Under the FOI Act, LJXW requested access to the service records pertaining to his son, LSHF, who has died. LSHF was once an employee of the AFP. LJXW also asked for all documents “pertaining to his service in … [named area] for the AFP” and “pertaining to his Medical Records whilst at the AFP etc”.[1] I understand LJXW to be asking for all records that “… concern or relate …[or] have to do with …”[2] LSHF’s service in the named area or his medical records while at the AFP. QKDP is LSHF’s widow and also the executor of his estate and joined as a party in this matter. She and LSHF’s mother resisted the disclosure of the documents to LJXW. In general terms, LJXW raised a number of issues relating to the availability of the information in the public arena, the public interest and his particular interest as LSHF’s father.
[1] Documents lodged under s 37 of the Administrative Appeals Tribunal Act 1975 (AAT Act) (T documents) at 3.1
[2] Chambers 21st Century Dictionary, 1999, reprinted 2004, Chambers
The AFP claimed exemption for the documents under ss 40(1)(c) and 41. Section 40(1)(c) requires consideration of the effect of disclosure on the management or assessment of personnel by, in this case, the AFP. Section 41 requires consideration of the effect of disclosure of personal information about a person.
I have decided to affirm the decision of the AFP dated 22 July 2008 and refusing to grant access to LJXW in accordance with his request but note that the provisions of s 63(2)(a) of the FOI Act prevent me from setting out my reasons in full. To do so would be to contravene that provision for I would have to include matter or information of a kind referred to in s 63(1) i.e. information that is of a kind that is exempt matter contained in a document to which the proceedings relate or information of a kind referred to in s 25(1).[3]

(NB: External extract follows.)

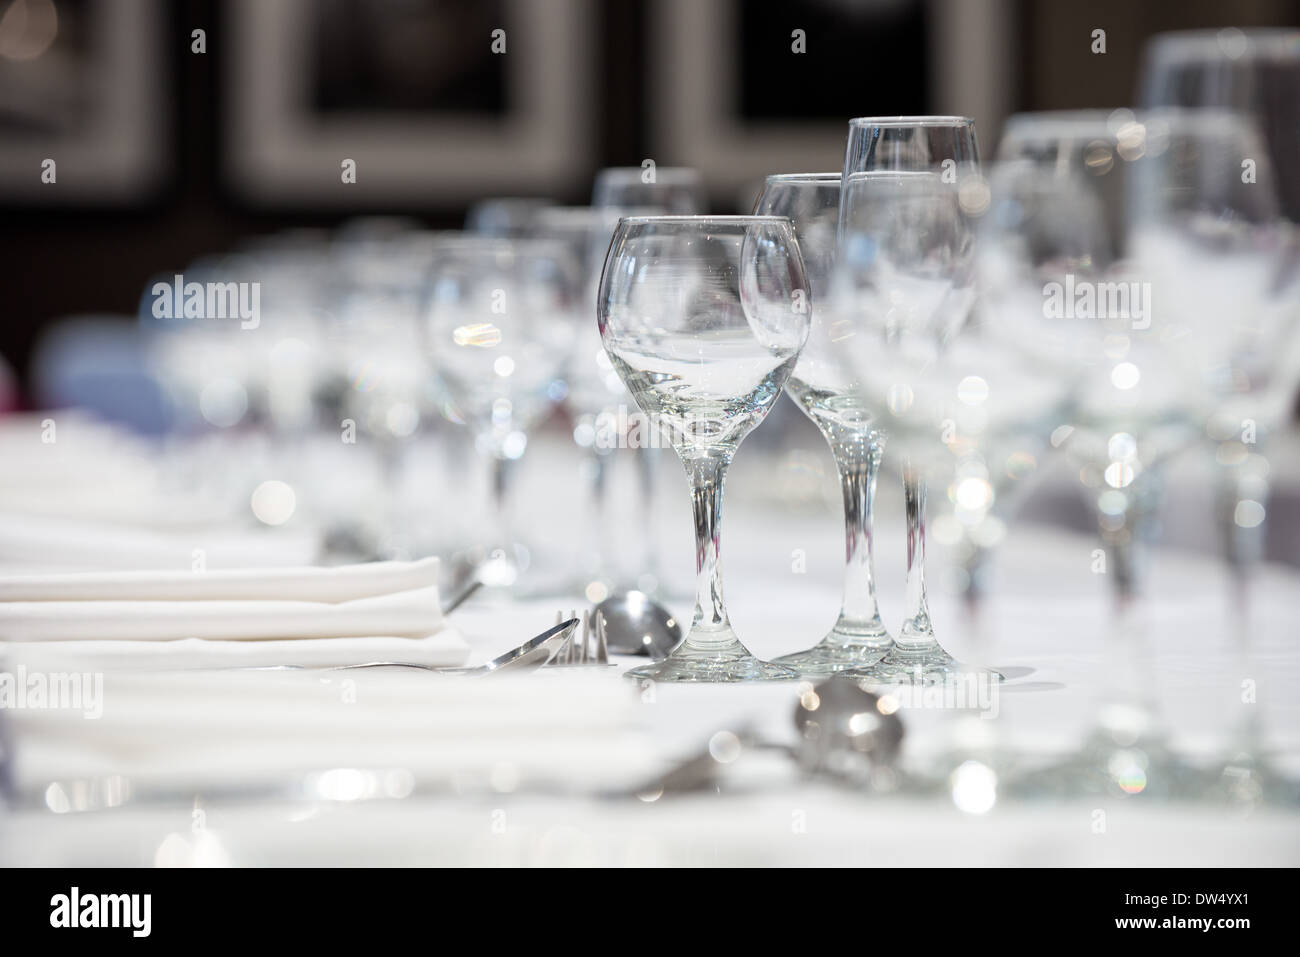 A shallow focus image of a banquet tables place settings & wine glasses awaiting the arrival of the dinners Stock Photo

[3] Section 25(1) provides:
THE DOCUMENTS IN RELATION TO WHICH EXEMPTION IS CLAIMED
The documents in respect of which the AFP claims an exemption under s 41 are set out in the Schedule to Commander Scott’s affidavit. In broad terms, the Schedule shows that the documents fall into three categories:
(1)personnel records dealing with matters connected with LSHF’s being employed by the AFP including leave requests, pay advice, superannuation entitlements. induction, transfers and periods of performing higher duties;
(2)service records related to LSHF’s service as an AFP officer including operational assessments; and
(3)medical records relating to LSHF.
THE EFFECT OF THE AMENDMENT OF THE FOI ACT
The FOI Act was significantly amended by the Freedom of Information Amendment (Reform) Act 2010[4] (FOI Amendment Act). Of significance in this case are the amendments it made to the exemption provisions in Part IV of the FOI Act. In particular, it repealed ss 40 and 41 under which the AFP has claimed exemption in this matter.[5] In their place, ss 47E and 47F were enacted.[6] The FOI Amendment Act also repealed s 27A setting out the consultation provisions that must be followed when a request is made for access to documents containing personal information.[7] That provision was replaced by another provision also identified as s 27A.[8]
[4] Act No. 51 of 2010
[5] FOI Amendment Act, s 3, Schedule 3, item 27
[6] FOI Amendment Act, s 3, Schedule 3, item 33
[7] FOI Amendment Act, s 3, Schedule 3, item 21
[8] FOI Amendment Act, s 3, Schedule 3, item 21
All of these amendments were made by Part 2 of Schedule 3 to the FOI Amendment Act. That Part is entitled “Main exemption amendments”. Those amendments commenced operation on 1 November 2010[9] but they apply only in relation to requests for access made under s 15 of the FOI Act and received at or after that day. That is the effect of item 39 of Part 4 of Schedule 3 of the FOI Amendment Act. It means that, as LJXW made his request for access before 1 November 2010, I have reviewed the decision made by the AFP on the basis of the exemption provisions as they were enacted before their amendment.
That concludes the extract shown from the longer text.